All three metrics agree that Management matters, but the effect sizes differ. Bray-Curtis gives the largest R² because it weights the dominant species. Jaccard collapses abundance to presence-absence, so it loses some signal but stays significant. Euclidean treats raw counts as coordinates and is the least sensitive on this composition data, with a noticeably weaker p-value.

Warning
Pick the distance metric before you peek at the result. Trying every metric and reporting the smallest p-value is a form of selective reporting. Justify the metric from your data type (counts vs presence-absence vs traits) and your ecological question, then commit.

Try it: Run adonis2() directly on a Jaccard distance with binary = TRUE baked in via the formula interface, no precomputed vegdist.

RYour turn: jaccard via formula
set.seed(11) ex_jacc <- adonis2(dune ~ Management, data = dune.env, method = "___", binary = ___, permutations = 999) ex_jacc #> Expected: same R2 ~ 0.327 as the precomputed version

  
Click to reveal solution
RJaccard formula solution
set.seed(11) ex_jacc <- adonis2(dune ~ Management, data = dune.env, method = "jaccard", binary = TRUE, permutations = 999) ex_jacc #> Df SumOfSqs R2 F Pr(>F) #> Management 3 2.4061 0.32670 2.5873 0.003 ** #> Residual 16 4.9590 0.67330 #> Total 19 7.3651 1.00000

  

Explanation: adonis2() accepts method and binary arguments and computes the distance internally, so you do not need to call vegdist() first.
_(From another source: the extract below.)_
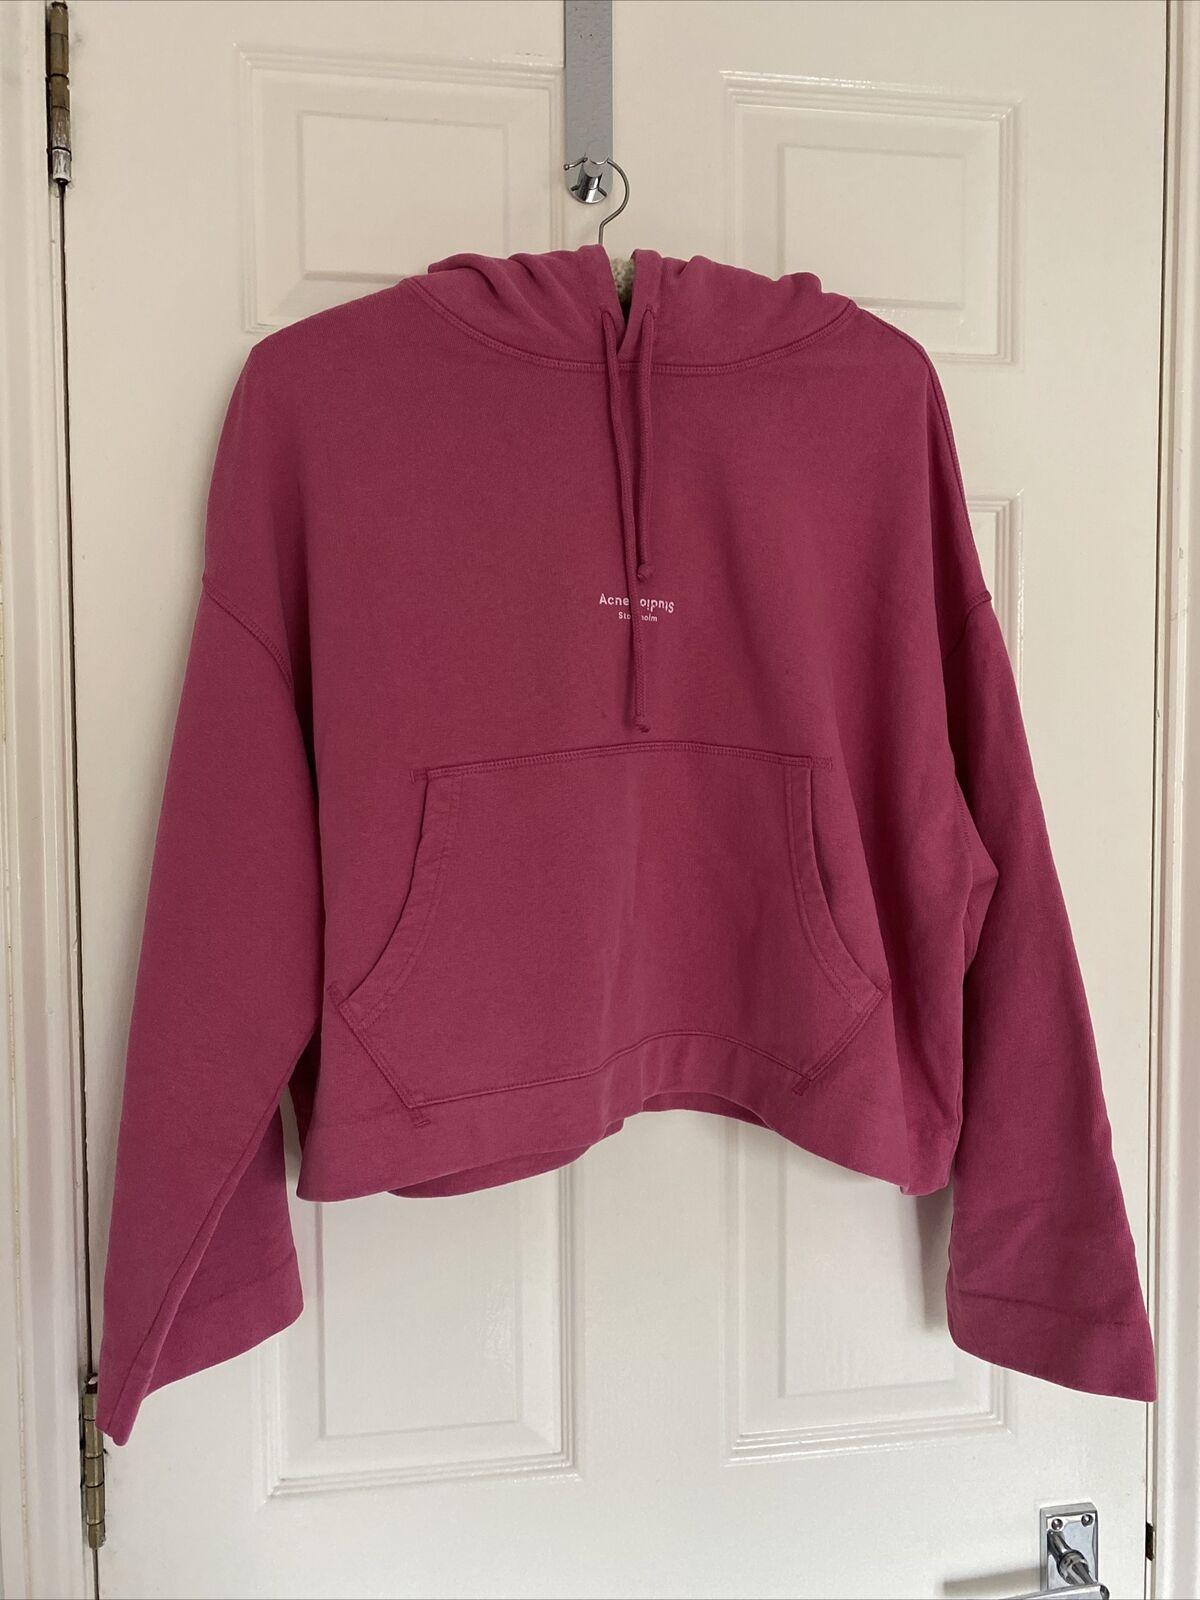 Acne Studios Women Hoodie Pink Size XS
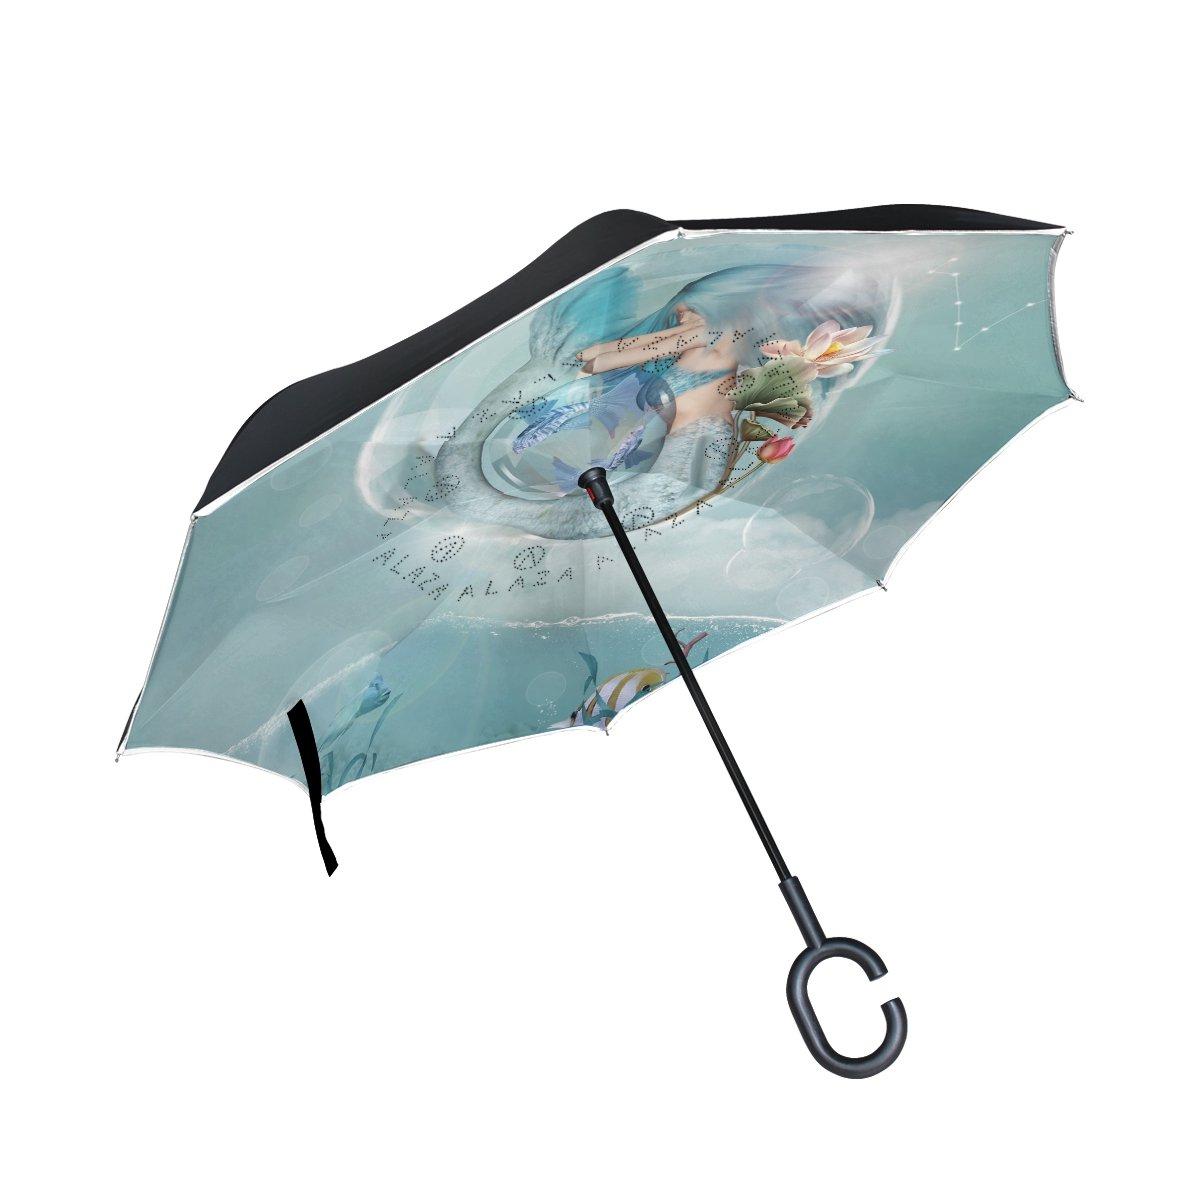 Alaza Orezi星座シリーズうお座Inverted傘二層構造防風UV保護ストレート自立型逆傘C型の車の雨アウトドア旅行   B07DGYBX64

How do you check the homogeneity of dispersion assumption?

PERMANOVA's pseudo-F pools within-group sums of squares, which means it assumes the groups have similar multivariate spread. If one group is much more variable than the others, a significant adonis2 might be picking up a dispersion difference rather than a centroid difference. The vegan function betadisper() runs PERMDISP, the multivariate Levene test, on the same distance matrix.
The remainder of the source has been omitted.